One of Seattle’s best new restaurants: Paju

Paju: 11 Mercer St., Seattle; 206-829-8215, facebook.com/paju.seattle; noon-8 p.m. daily

GQ food writer Brett Martin didn’t include Paju in his recent list of the Best New Restaurants in America, though he does give Paju a shout-out in a roster of runners-up: “I wish you could try the weird and wonderful endive salad at Paju, in Seattle, each leaf cradling walnuts, burrata, and an emulsified, jellylike smoked vinaigrette, like a delirious ’70s canapé.” The good news is that it’s still available to go at the Lower Queen Anne modern Korean spot, or at least a version of it. The takeout edition has the same dressing, still oddly super-delicious — smoke and salad making unlikely best friends — with the burrata swapped out for Parmesan, and crunchy romaine subbing for endive. Walnuts are included, and also the grapes that were aboard when Paju opened in late 2019. It’s not the swellegant presentation of the former endive-leaf boats, but that’d be a mess by the time it got home. But this salad still does what Paju does so well, which is balance the unexpected with subtlety for surprising greatness of taste — less surprising when you learn that chef/owners Chunghoon Jeong and Bill Jeong met working at double-Michelin-starred Jungsik in New York. And for times that feel tight, the salad’s even more of a deal at $9 versus the former $13.

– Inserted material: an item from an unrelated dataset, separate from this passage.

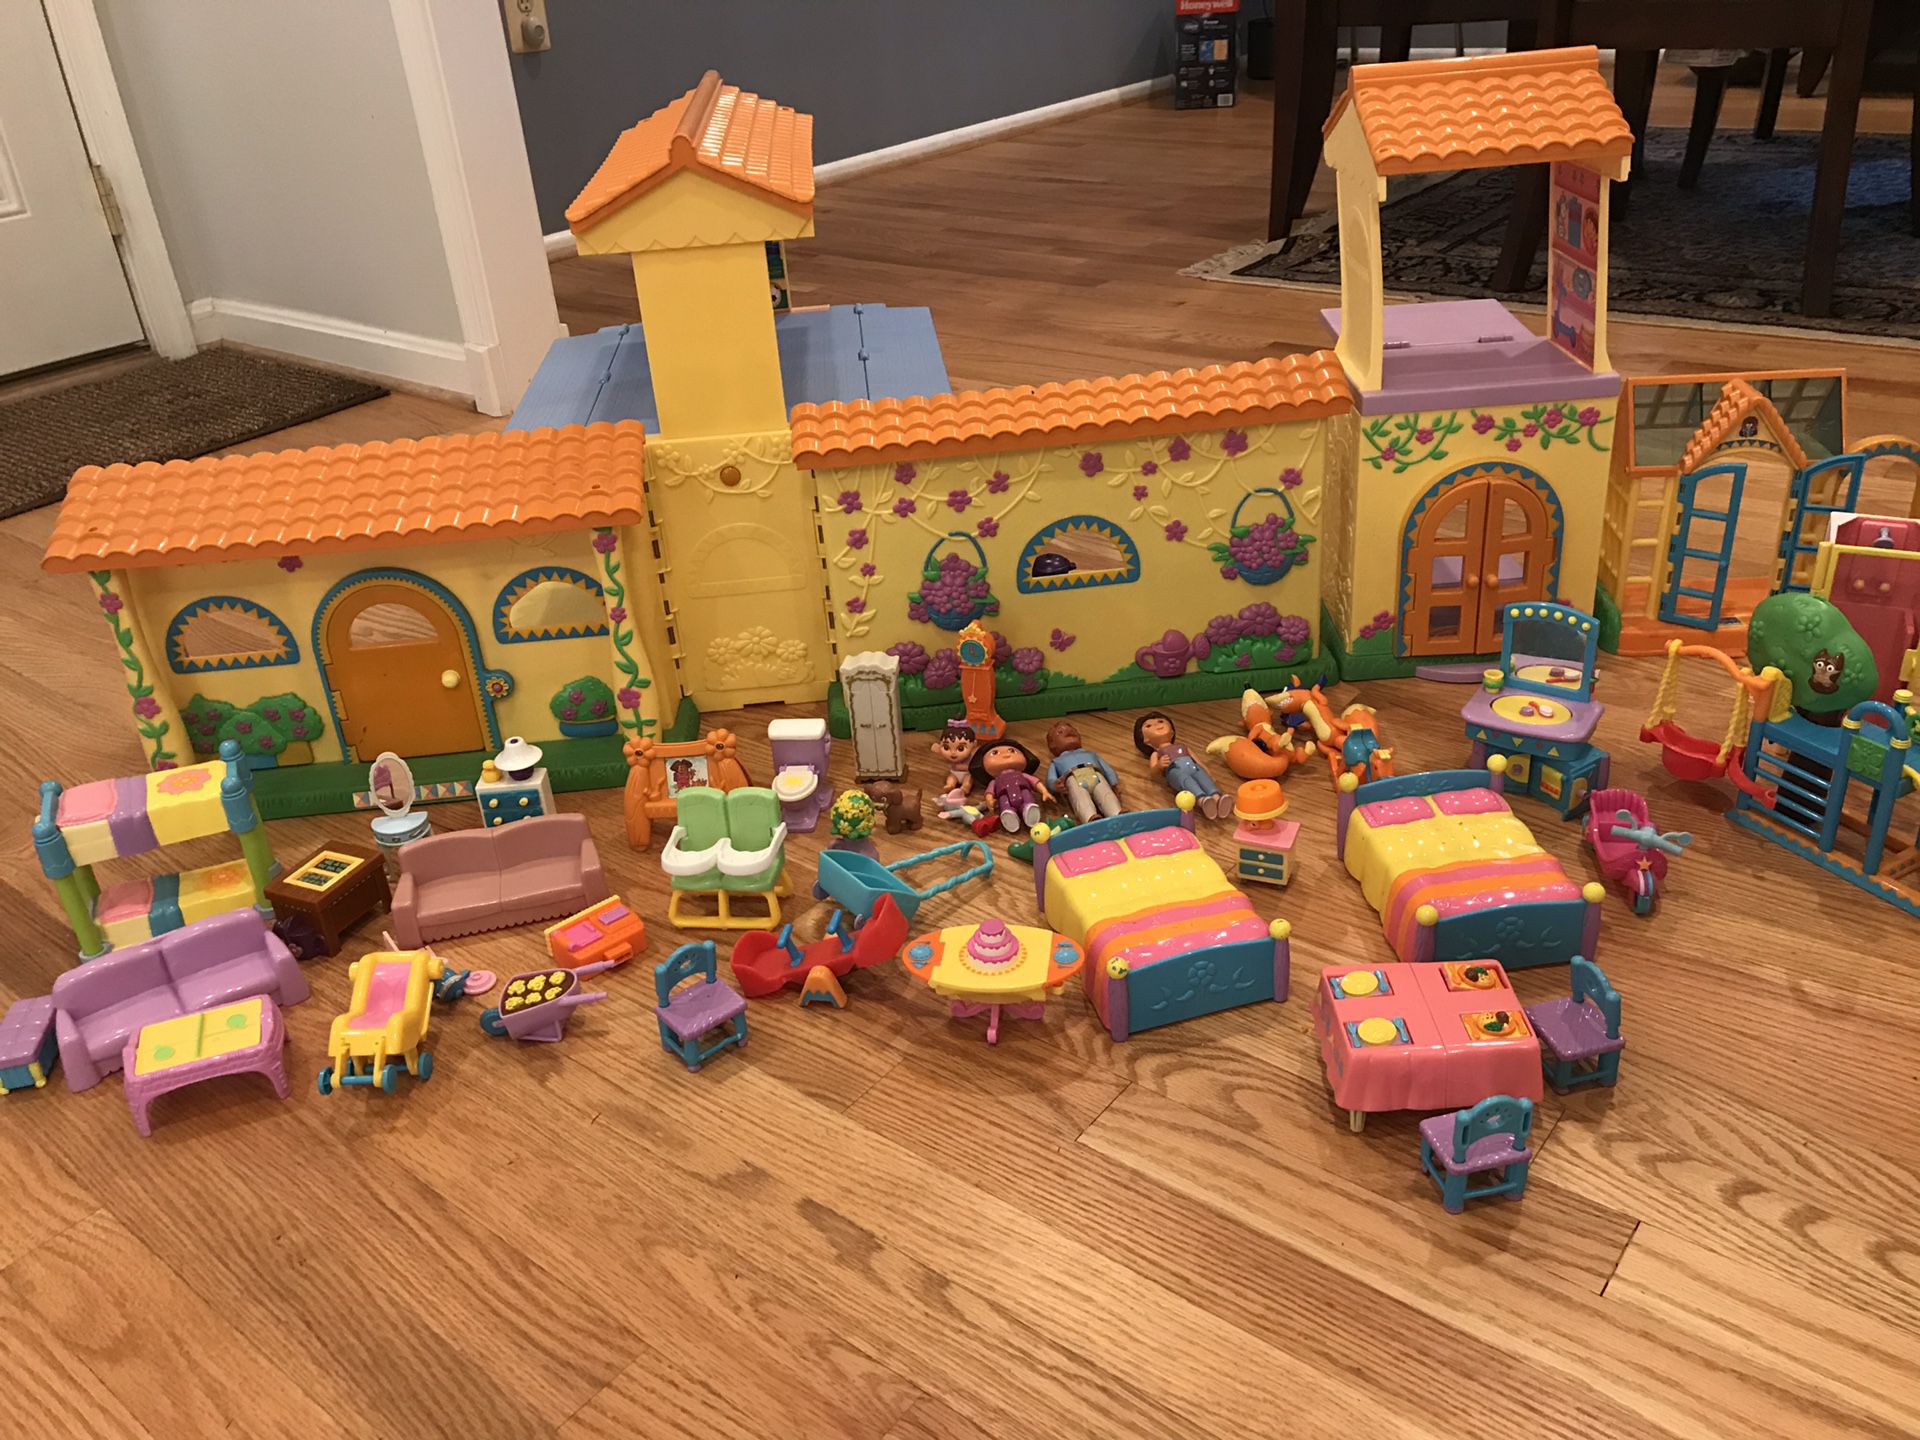 Dora’s pop up talking house with lots of figurines and furniture
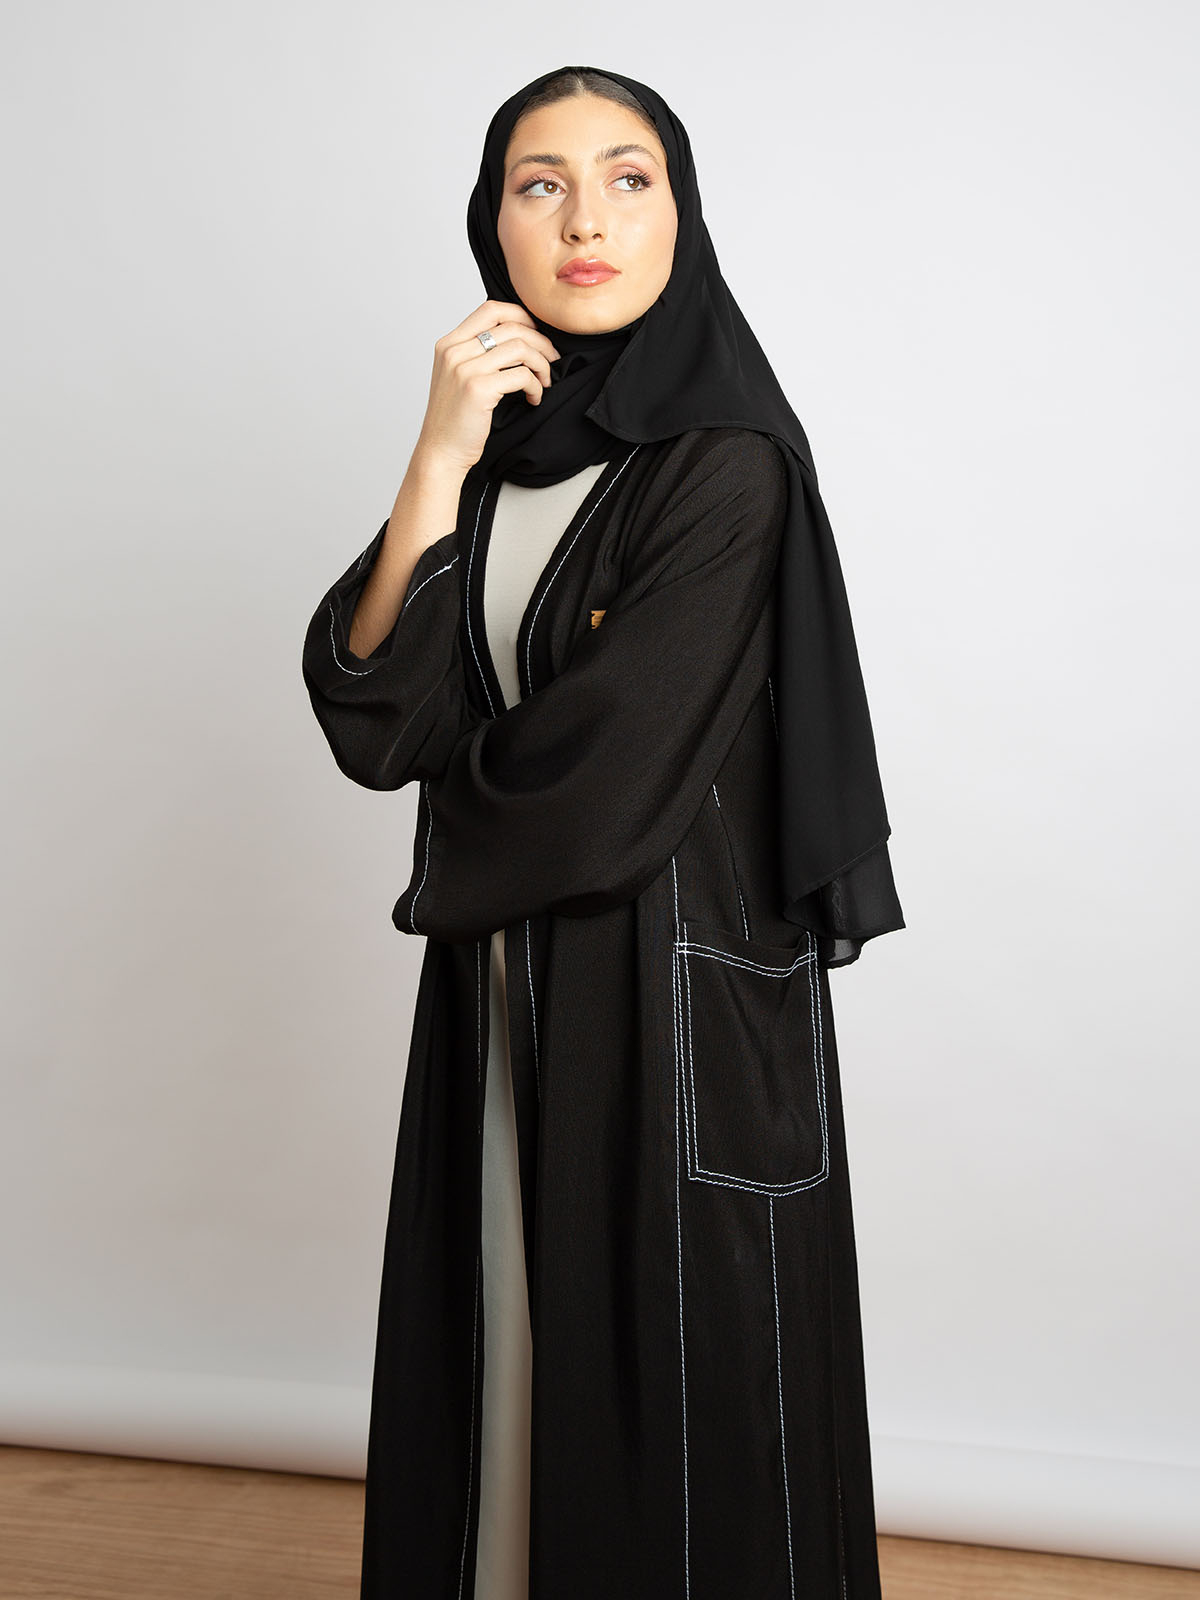 Kaafmeem women clothing regular fit black long practical salona abstract daily abaya with two pockets in lightweight fabric

Speaking of prices, Paju’s menu should make a global Best Value list with its thrilling tastes in anti-stingy portions from $9 to $17. The ideally chewy Paju fried rice, darkened with squid ink, attains layers of flavor — it’s got a subtle amount of both kimchi and bacon, with none of that “I AM OCEAN” bludgeoning that squid ink sometimes does. Brick-red spicy pork, made with poblano peppers, has a heat that creeps and blooms instead of striking and burning. And it’d be dumb not to eat Paju’s sweet chili chicken wings anytime one can — they get brined, battered, double-fried, then thoroughly coated with shiny, orange-red, sweet-and-slightly-spicy sauce. These are wings so big and fat and tender, they might be mistaken for thighs.

Paju’s options have been truncated, with just a couple more dishes available for takeout in addition to the above, but it’s still fit for any Best list.

In Seattle, by the way, By Tae and Rupee Bar made the GQ Best New Restaurants list, and they are marvels, too, and both will make takeout for you.